As of now, the CFW will not work with the N3DS, regardless of the firmware version. I may be able to make a new CFW if people manage to decrypt and reverse the N3DS, and I don't know how long that'll take.

but theres already a video on gateway site that shows GW3DS is working for N3DS JAP version? am i right?
so once GateWay release a launcher that works on N3DS, it means you can reverse engineer it too?

 

[TheHomesk1llet]

but theres already a video on gateway site that shows GW3DS is working for N3DS JAP version? am i right?
so once GateWay release a launcher that works on N3DS, it means you can reverse engineer it too?

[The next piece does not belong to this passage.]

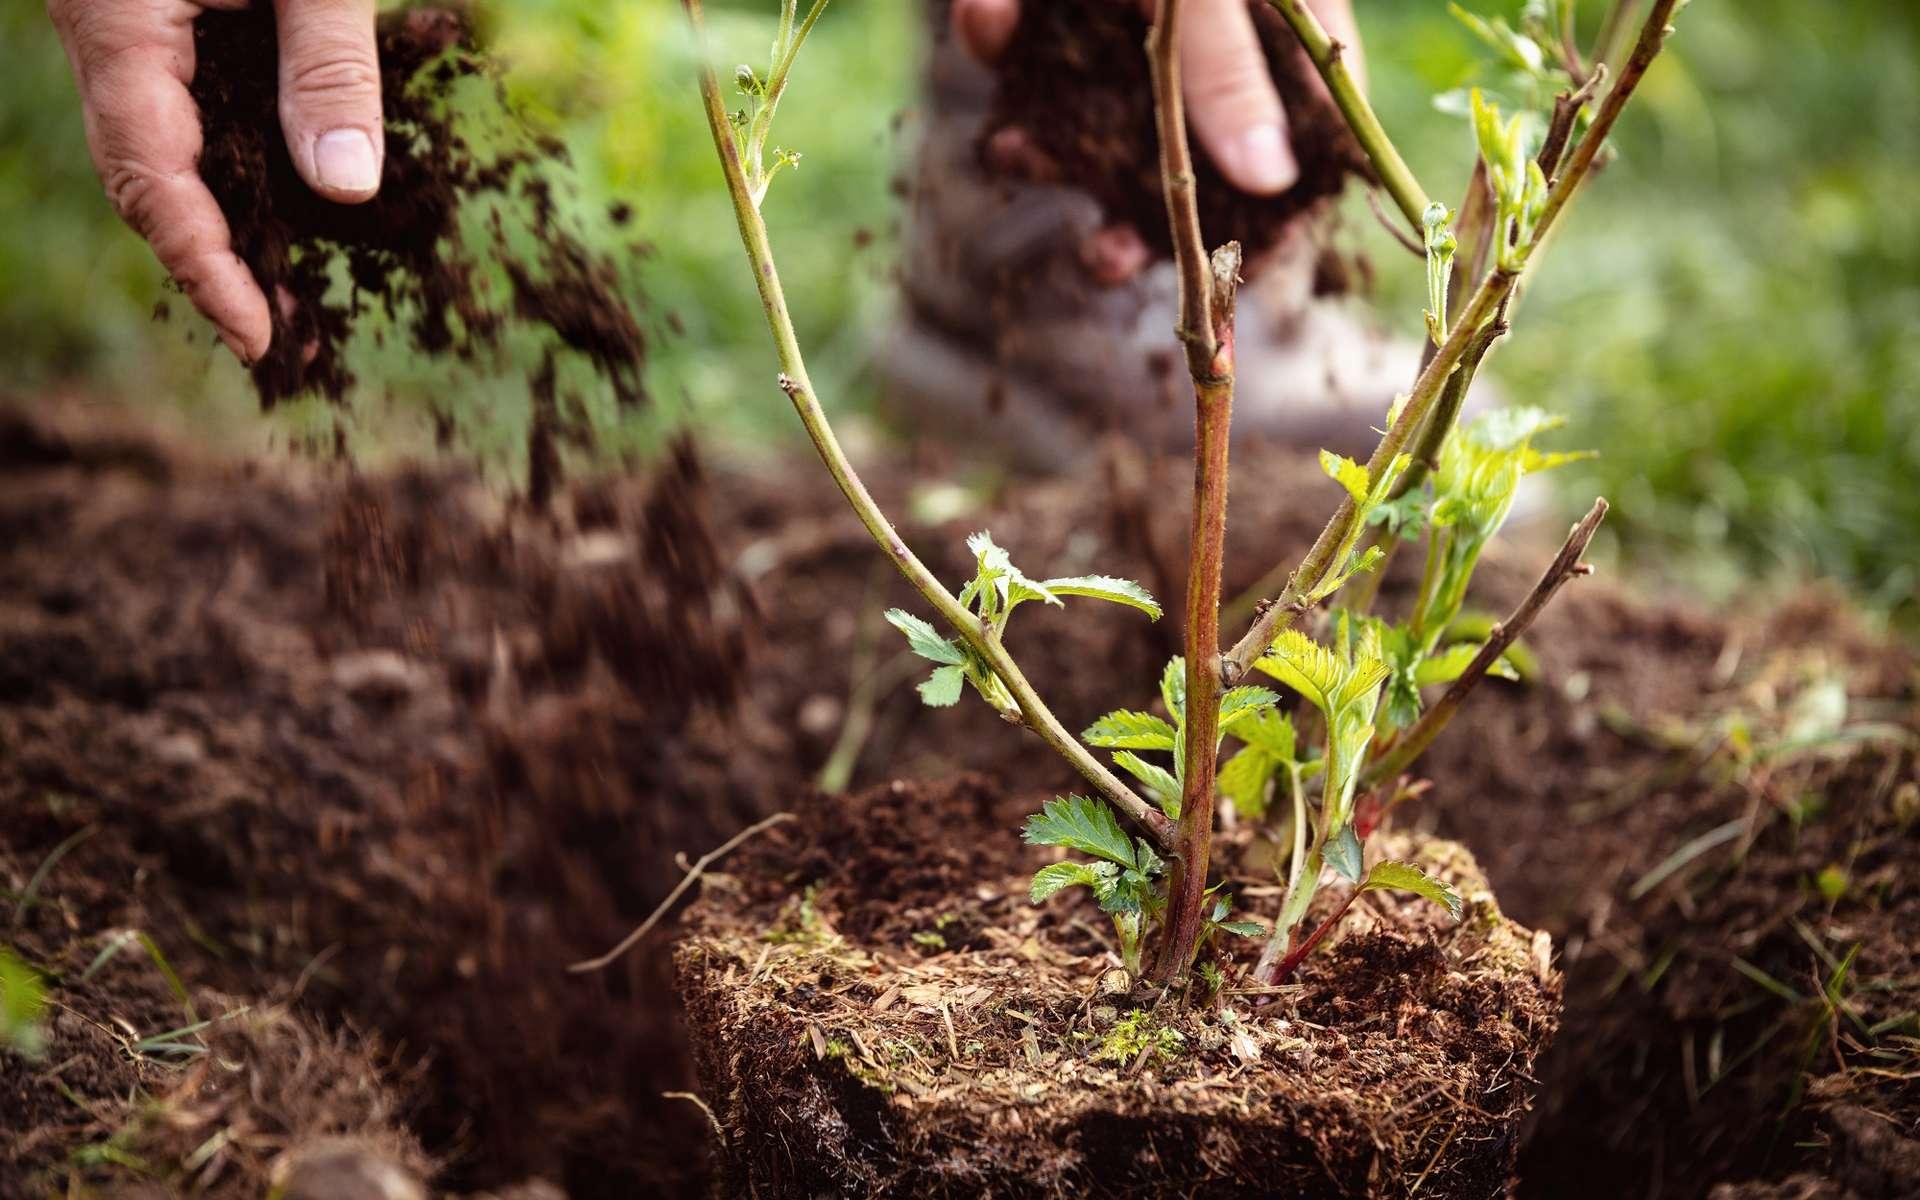 L'horticulture regroupe de nombreuses spécialités comme la floriculture, le maraîchage, l'arboriculture ou encore le paysagisme. © M.Dörr & M.Frommherz, Adobe Stock.

Someone can, probably. I'm not going to.

 

[VinsCool]

there were people like you back when psp 3,000 and go come out and they were saying that they would not ever be hacked or things made for them, Now they look like fools. it's gonna happen and when it does its gonna be the biggest thing to happen to the 3DS then pokemon

Bond697 knows his stuff, don't be fooled.

 

[yifan_lu]

so basically, you read yifanlu's posts and from that you're able to make a custom firmware and a new homebrew launcher? wow. and why would you need to "translate" yifanlu's pseudocode into actual C? it's already in the gateway launcher you're supposedly going to use. if you had actually analyzed the launcher like you said you did, then you would know that.

this is crazy.

e: wait, you're doing this for 4.x? what the fuck? why would you need any of this? the old exploit is easier to use.

Yeah I didn't get that part either. Launching custom code with GW's code and stuff is as simple as putting your arm code at the right offset in the launcher.dat and reencrypting it. Maybe OP wants to do it in a simpler way (aka don't require reencryption) but that isn't the case because you don't need to recreate anything, it'll just be taking bits and pieces from my annotated rop listing. But then also... converting ROP payload to C code? Wtf. Yeah, I don't know what's going on here at all.

 

[Slushie3DS]

Hopefully, someone figures out how to put GPU DMA hacks to more use before patching has been made.

Anyway...

 

[Zidapi]

How is he a joke? Not only is he helping the community but he actually knows what he's doing unlike you

Ignore the haters, you guys can make a really good exploit

Ignore json, he's just a sad, pathetic person. 90% of his "contributions" to this community are posts insulting others.

As you suggested, he doesn't know anything about hacking, coding, REing or anything pertaining to this thread.

Therefore can't make any meaningful contribution, instead he resorts to insulting people. It's all rather pathetic really.

 

[TheHomesk1llet]

Yeah I didn't get that part either. Launching custom code with GW's code and stuff is as simple as putting your arm code at the right offset in the launcher.dat and reencrypting it. Maybe OP wants to do it in a simpler way (aka don't require reencryption) but that isn't the case because you don't need to recreate anything, it'll just be taking bits and pieces from my annotated rop listing. But then also... converting ROP payload to C code? Wtf. Yeah, I don't know what's going on here at all.

If it's as simple as that, you wouldn't happen to know the right offset from the beginning to the end, would you?

...Shit, I bet it's on your page...gimme a second.